= Point of common coupling =

Connection to a power grid

In electric power distribution the point of common coupling (PCC) is where a consumer's electrical circuit connects to the utility grid. It serves as a demarcation point, defining the boundary between the public utility network and the customer's private electrical installation.
The term has different meanings in electrical standards and guidelines, depending on the context.
At the PCC the utility's responsibility for power delivery ends and the consumer's responsibility for their internal power quality begins. The PCC is typically located at the electrical meter, the service transformer secondary terminals, or the main service entrance. The conditions and characteristics of the electrical supply, such as voltage, frequency, and power quality, are measured and monitored at this point to ensure compliance with grid codes and regulatory standards.

In the context of Distributed Energy Resources (DERs) and microgrids, the PCC takes on added significance. It is the point where locally generated power—from sources such as solar panels, wind turbines, or combined heat and power (CHP) systems—may be injected into the grid. The behavior of these systems, including their power sharing capabilities in both grid-connected and islanded modes, is evaluated at the PCC. The design and operation of DERs must ensure that their interconnection does not negatively impact the grid's stability or power quality. The PCC also plays a vital role in the protection and safety of the electrical network, as it is the location where protection devices are installed to isolate the customer's system from the grid during faults or other abnormal conditions.

Power quality issues, such as harmonic distortion, voltage sags, and voltage swells, are frequently analyzed at the PCC. These issues can arise from either the utility side or the customer side and can have detrimental effects on sensitive equipment and overall system reliability. For this reason, standards such as IEEE 519 and others provide guidelines for the limits of harmonic current and voltage distortion at the PCC. Adhering to these standards is essential for maintaining a reliable and stable electrical grid. The PCC is thus both a physical connection point and a critical interface for ensuring the safe, stable, and high-quality transfer of electrical power between a consumer and the main grid.

== Definitions ==
IEEE Std 1547-2018 defines the PCC as the connection between an area electric power system (Area EPS) and a local electric power system (Local EPS). A Local EPS is confined to a single premises or group of premises, while an Area EPS serves Local EPSs. The PCC usually corresponds to the service point defined in the National Electrical Code and the National Electrical Safety Code.

IEEE 1547 declares the differnce between the PCC and the point of DER connection (PoC): at the latter an individual distributed energy resource attaches to the Local EPS and has to support the requirements of the standard. It also defines a reference point of applicability (RPA), where the performance requirements apply.

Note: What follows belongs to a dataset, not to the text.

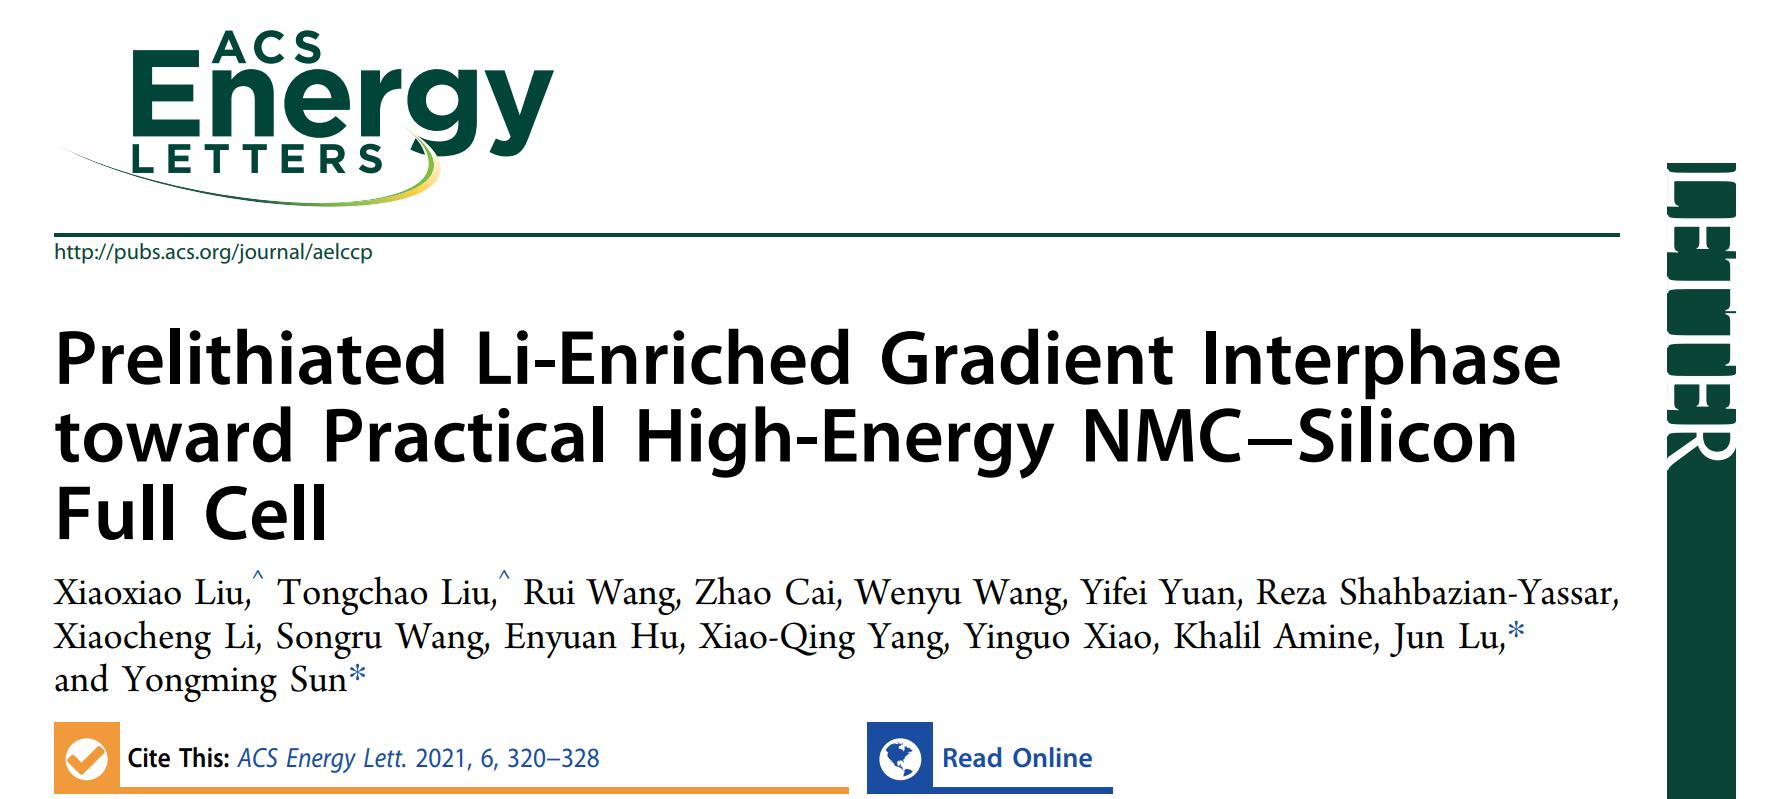 ACS Energy Letters: 高镍表面梯度富锂化助力高能量密度NMC-Si全电池

This is generally the PCC, although under specified conditions it can be the PoC or a point between them.

IEEE Std 519-2022 deals with harmonic distortions and defines the PCC as the point on the public supply network closest upstream to a particular load where there is a (real or potential) connection to other loads. In case of an industrial customer supplied through a dedicated service transformer, the PCC is usually on the transformer's high-voltage side. For commercial customers sharing a service transformer, it is commonly on the low-voltage side. The standard's harmonic limits apply at the PCC to the installation as a whole; they do not apply to individual equipment or to points within the customer's installation.

IEEE Std 2030.7-2017 specifies the functions of microgrid controllers and uses the term point of interconnection (POI) instead of point of common coupling exacly due to the different meanings of POC across standards and guidelines. It defines the POI as the electrical connection through which a microgrid connects to or disconnects from the main distribution grid. For the purposes of the standard, the microgrid interacts with the external grid through one controlled point, even if several physical connections exist.